## [Aim of the task]
Find "D&D Cleric images 5" in the material, then return exactly the line containing it and all lines after it to the end, leaving out pictures.

## [Records supplied]
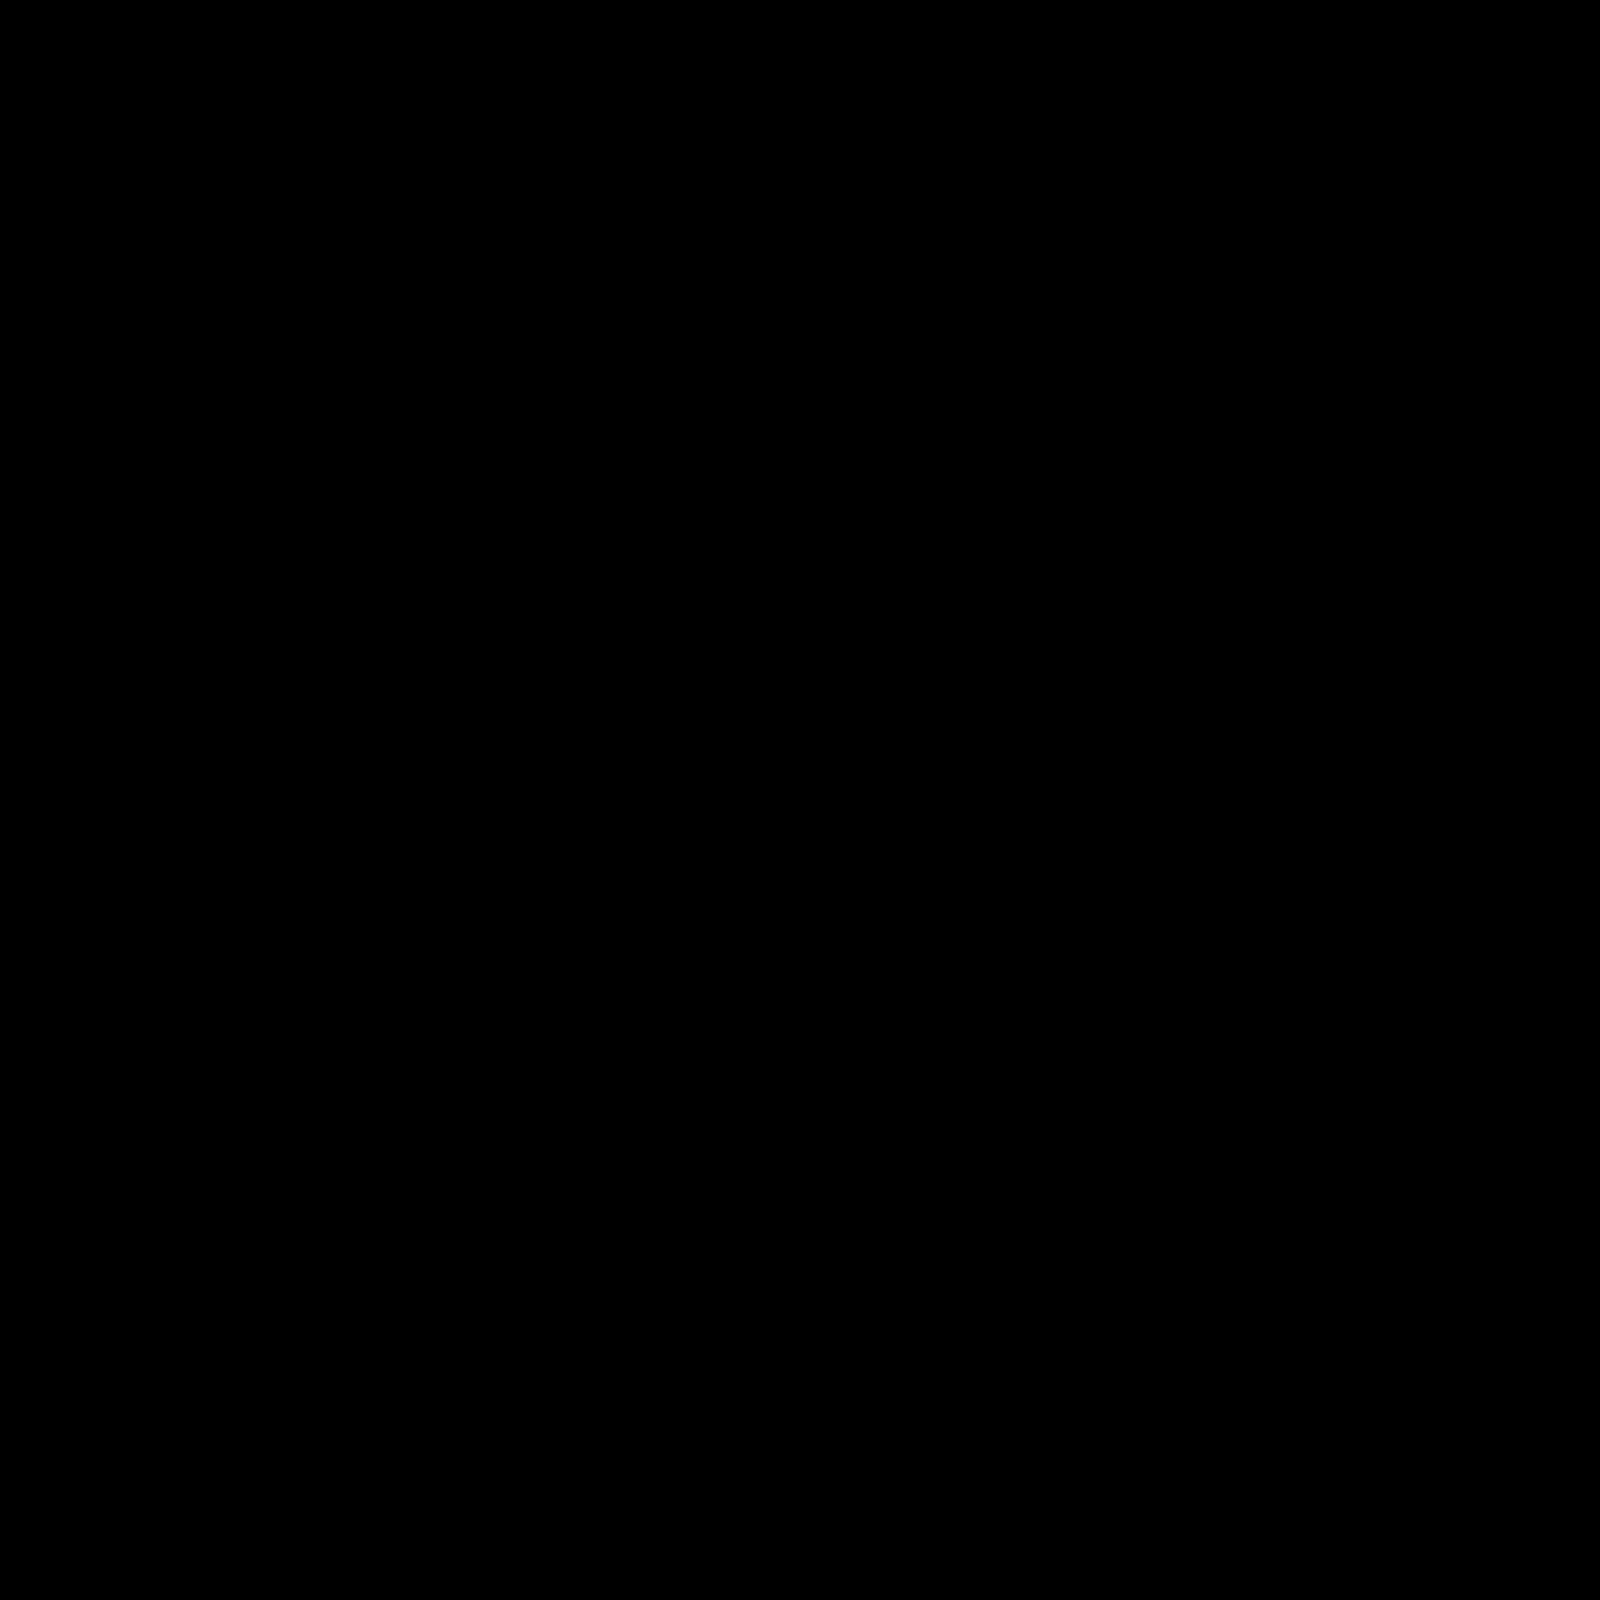 Eingekreiste 5 C icon
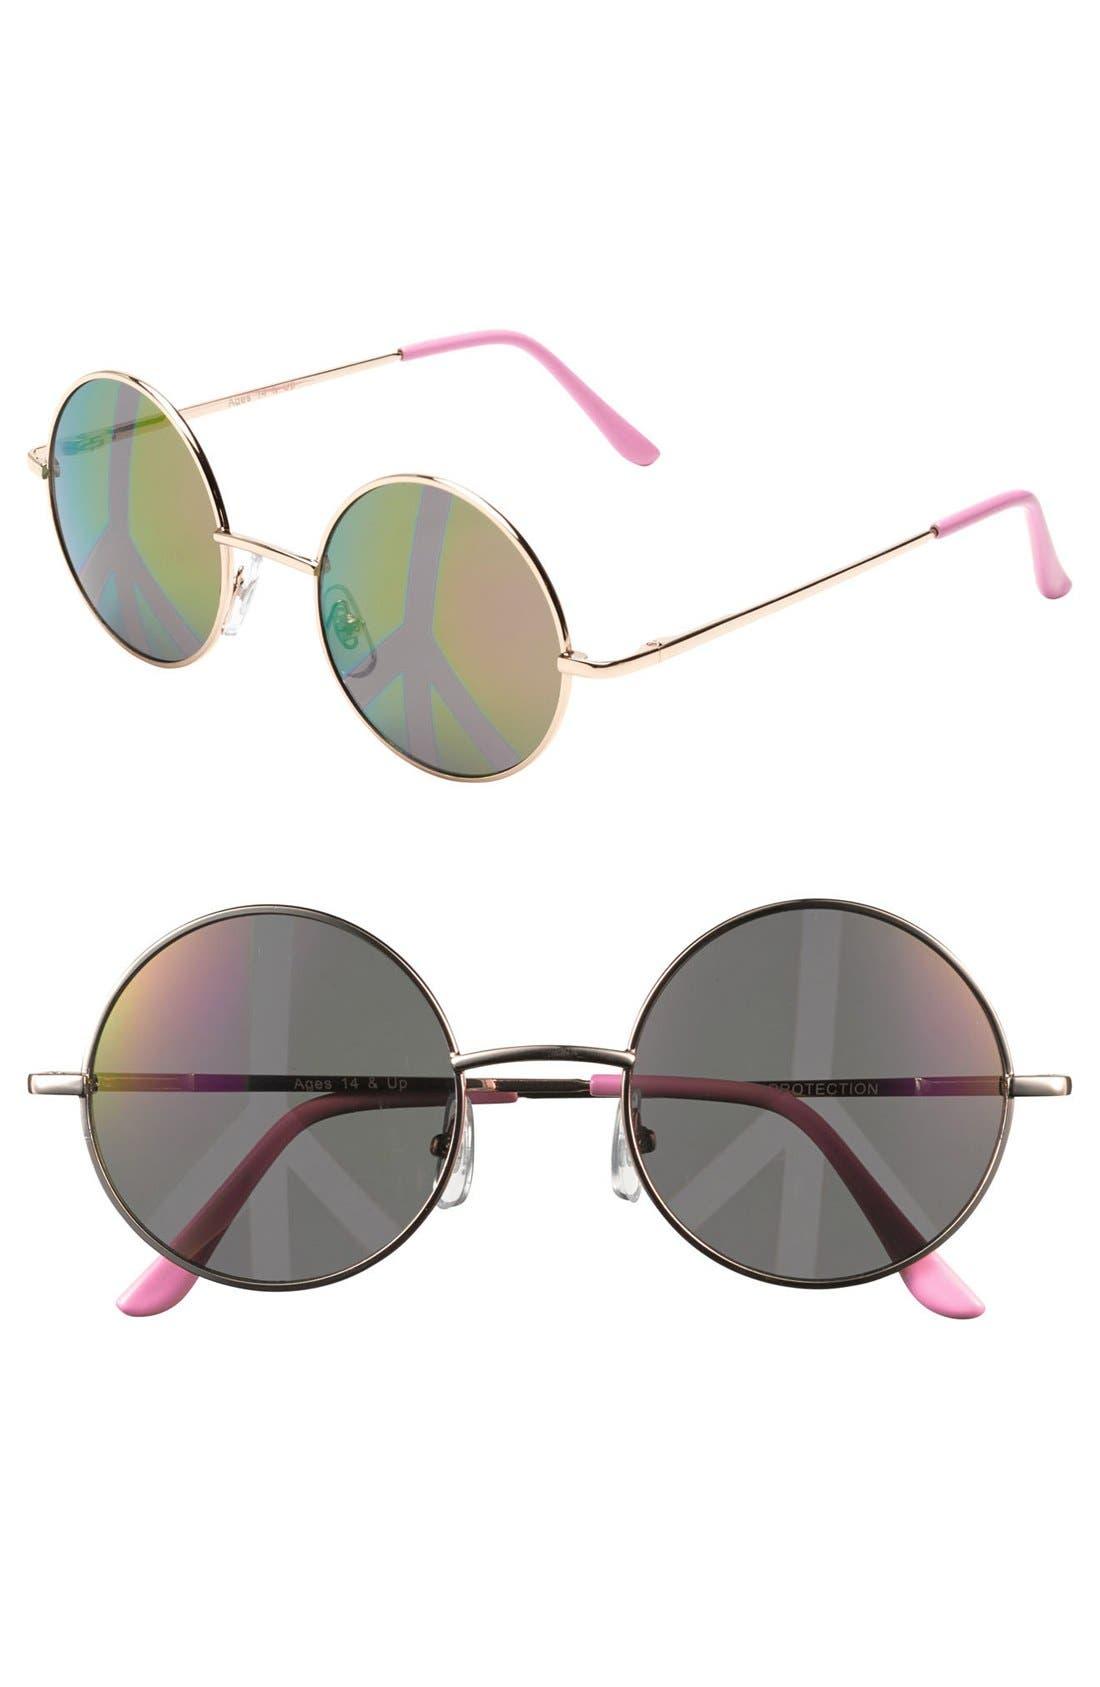 Main Image - FE NY 'Love Bug' Sunglasses
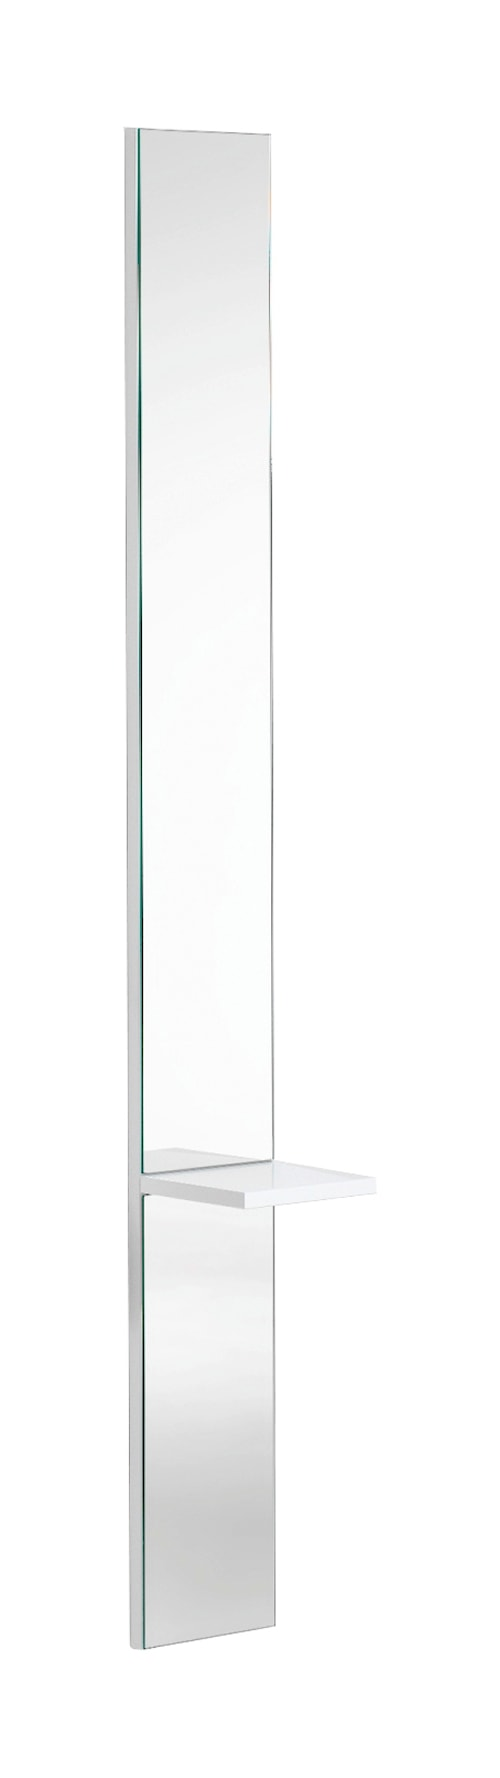 Spegel fanerad
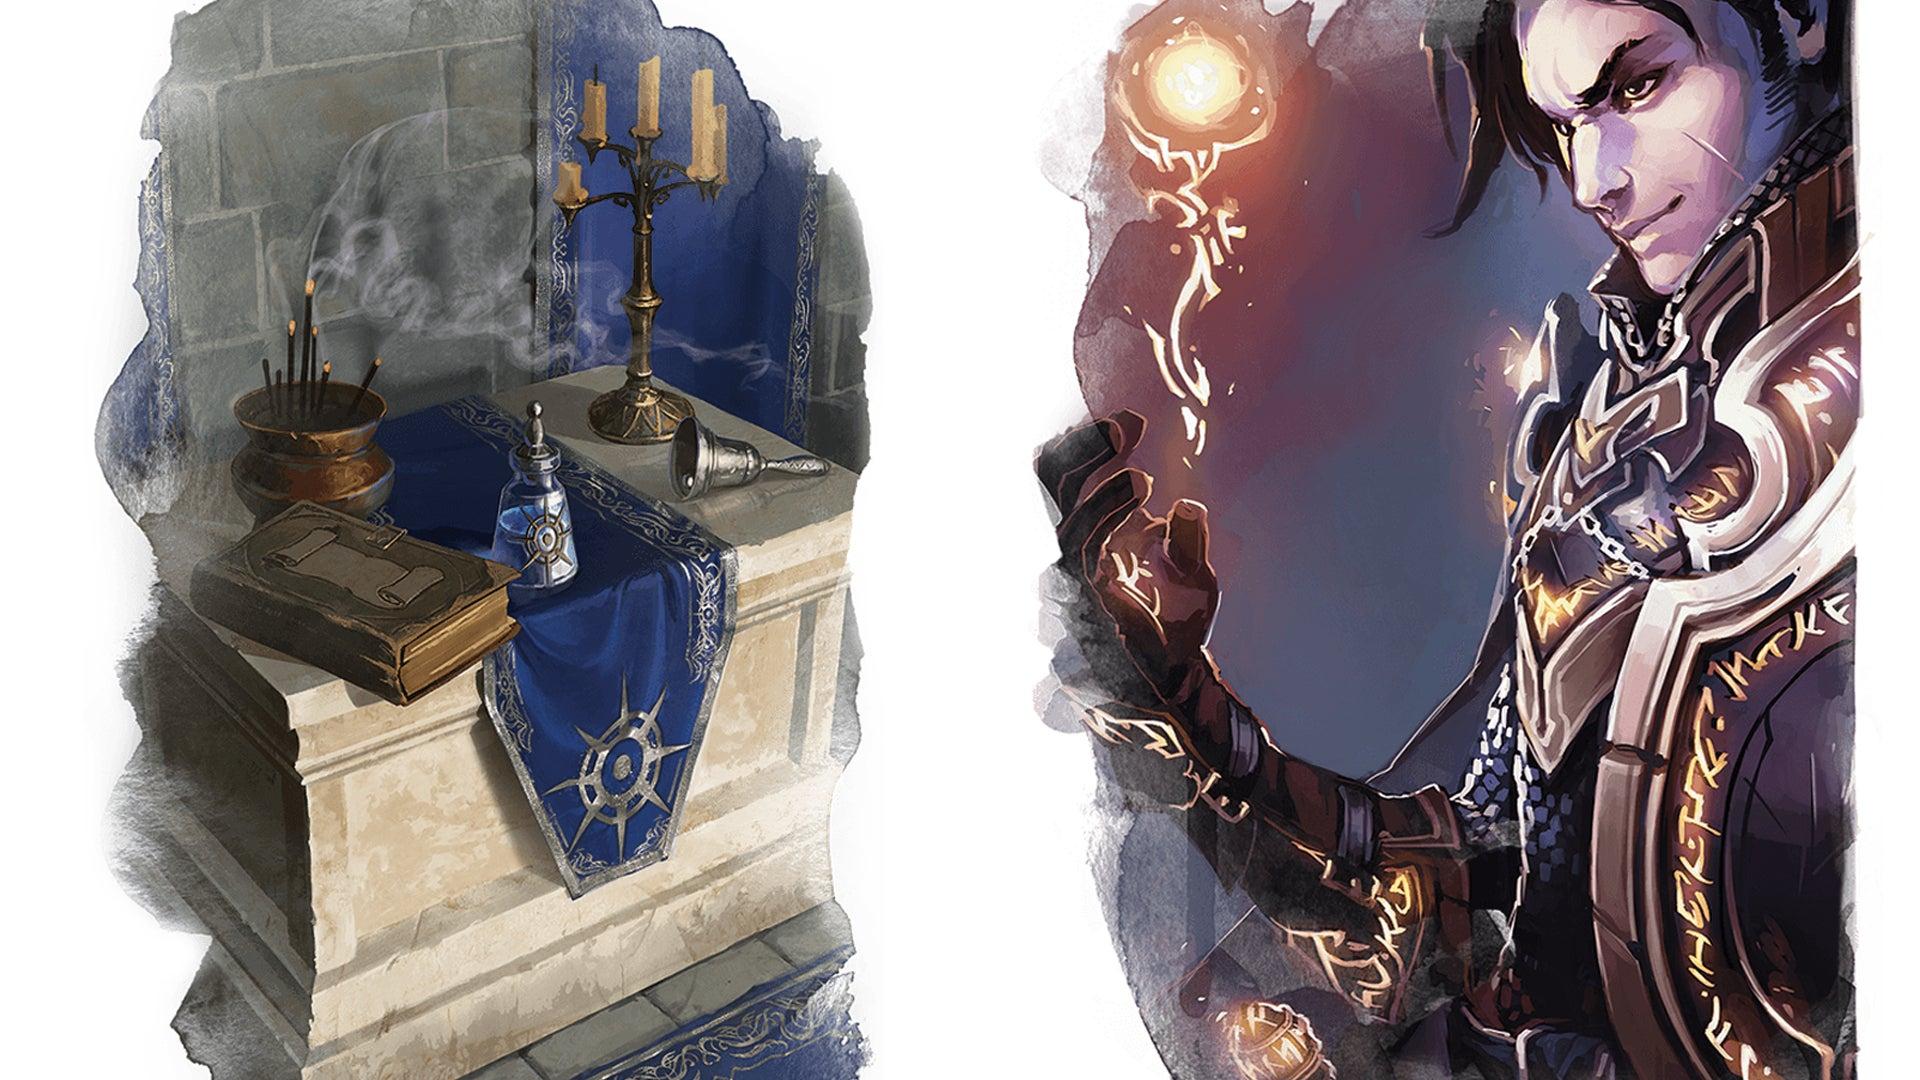 D&D Cleric images 5
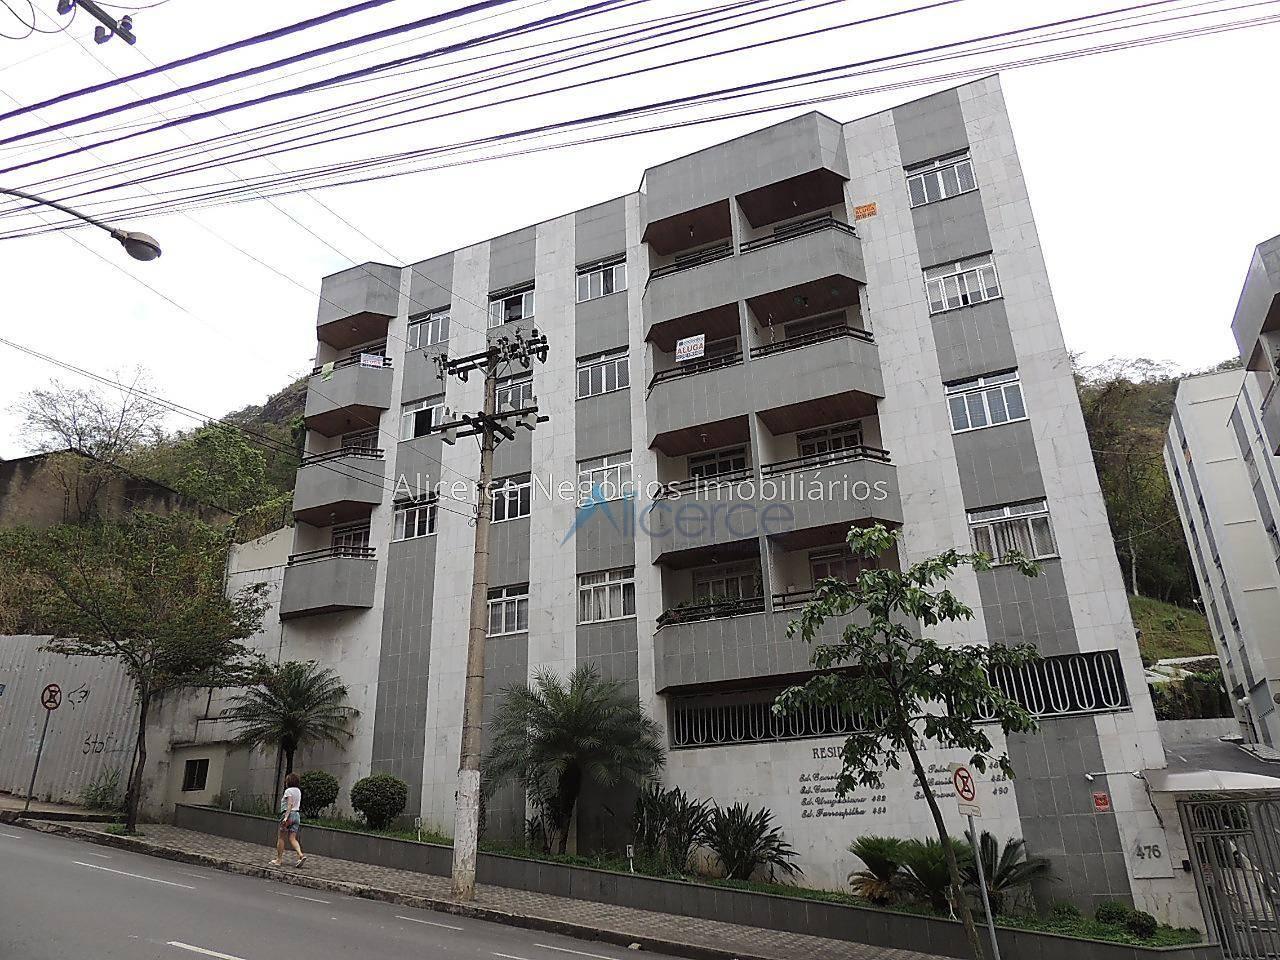 Apartamento com 2 dormitórios para alugar, 80 m² por R$ 900/mês - Santa Helena - Juiz de Fora/MG

## [Reply to the exercise]
 D&D Cleric images 5
 Apartamento com 2 dormitórios para alugar, 80 m² por R$ 900/mês - Santa Helena - Juiz de Fora/MG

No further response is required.